Targeted Killing

Targeted killing is the premeditated killing of an individual, by a state, organization or institution, outside a battlefield.

Targeted killings were employed extensively by death squads in El Salvador, Nicaragua, Costa Rica, Colombia, and Haiti within the context of civil unrest and war during the 1980s and 1990s. Targeted killings have also been used in Somalia, Rwanda, and in the Balkans during the Yugoslav Wars. In the United States, targeted killings have been used by narcotics traffickers.

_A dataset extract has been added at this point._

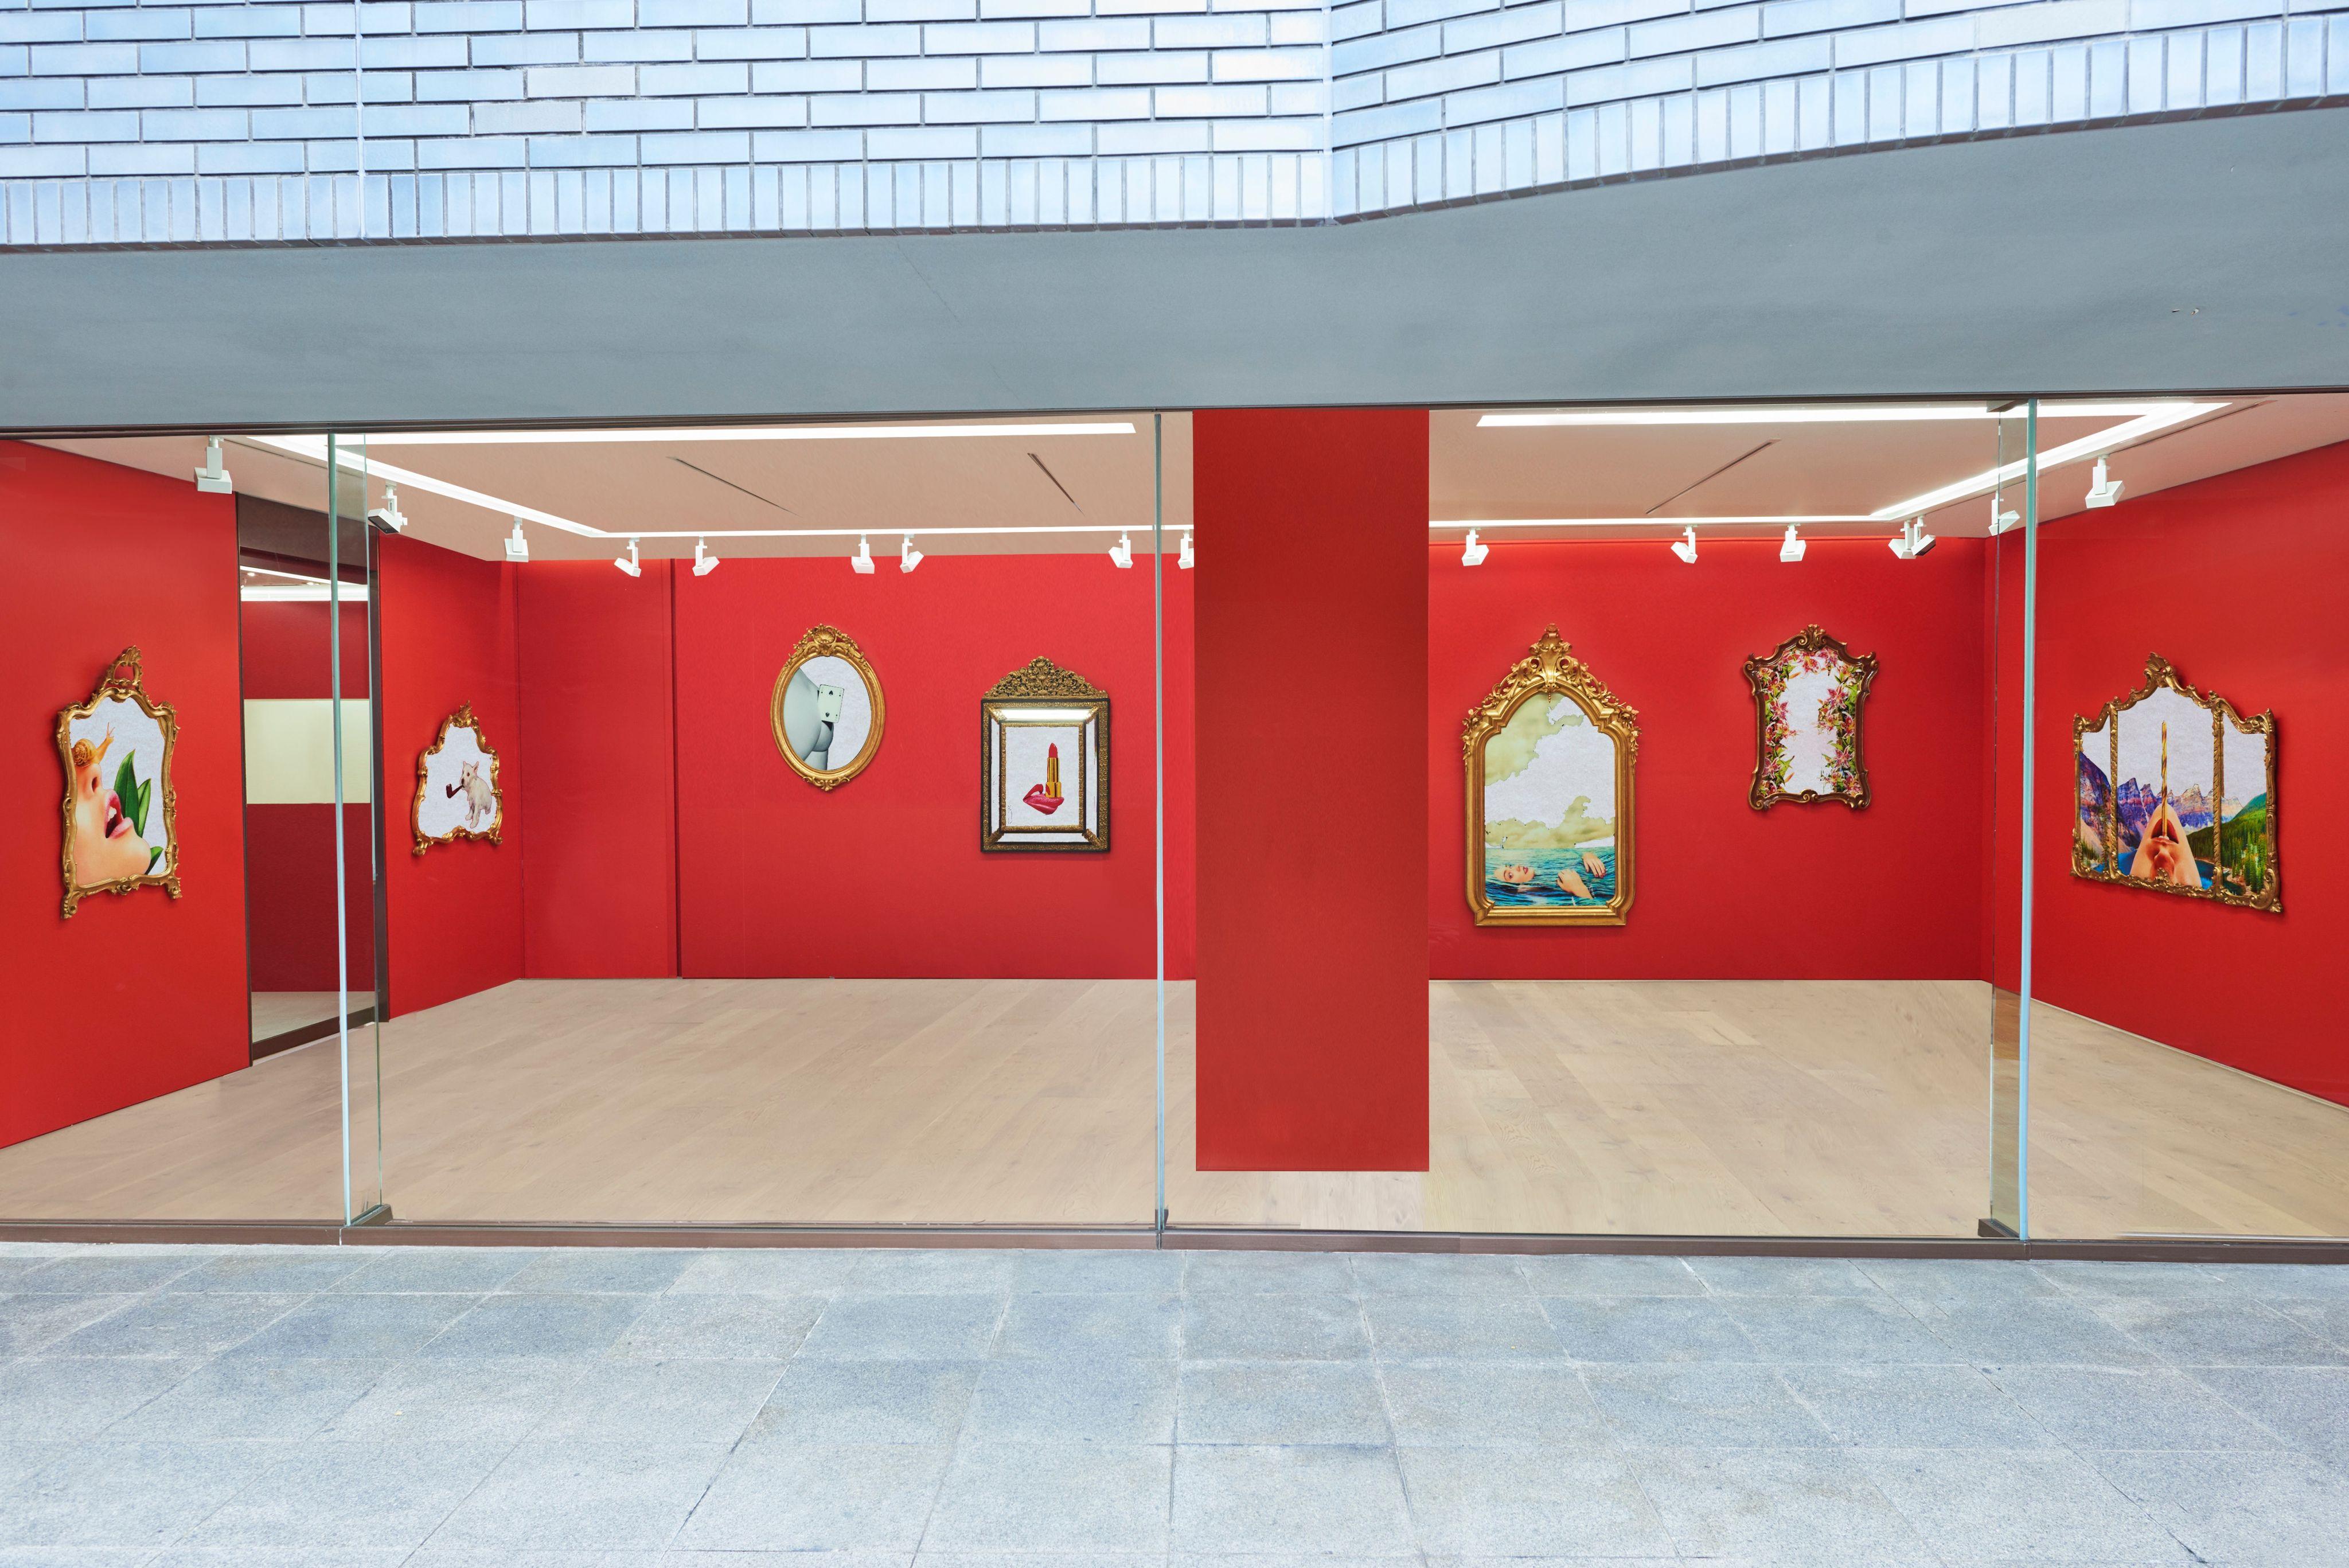 Artist:TOILET PAPER: Collaboration Maurizio Cattelan / Pierpaolo Ferrari, Exhibition:

Use of targeted killings by conventional military forces became commonplace in Israel during and after the Second Intifada, when Israeli security forces used the tactic to kill Palestinian opponents. Though initially opposed by the Bush Administration, targeted killings have become a frequent tactic of the United States government in the War on Terror. Instances of targeted killing by the United States that have received significant attention include the killing of Osama bin Laden and of American citizen Anwar al-Aulaqi in 2011. Under the Obama administration use of targeted killings has expanded, most frequently through use of combat drones operating in Afghanistan, Pakistan or Yemen.

The legality of targeted killing is disputed. Some Israeli and American academics, military personnel, or officials describe targeted killing as legitimate within the context of self-defense, when employed against terrorists or combatants engaged in asymmetrical warfare. Other academics, some media sources, and some human rights groups have criticized targeted killings as similar to assassinations or extrajudicial killings, illegal within the United States and under international law.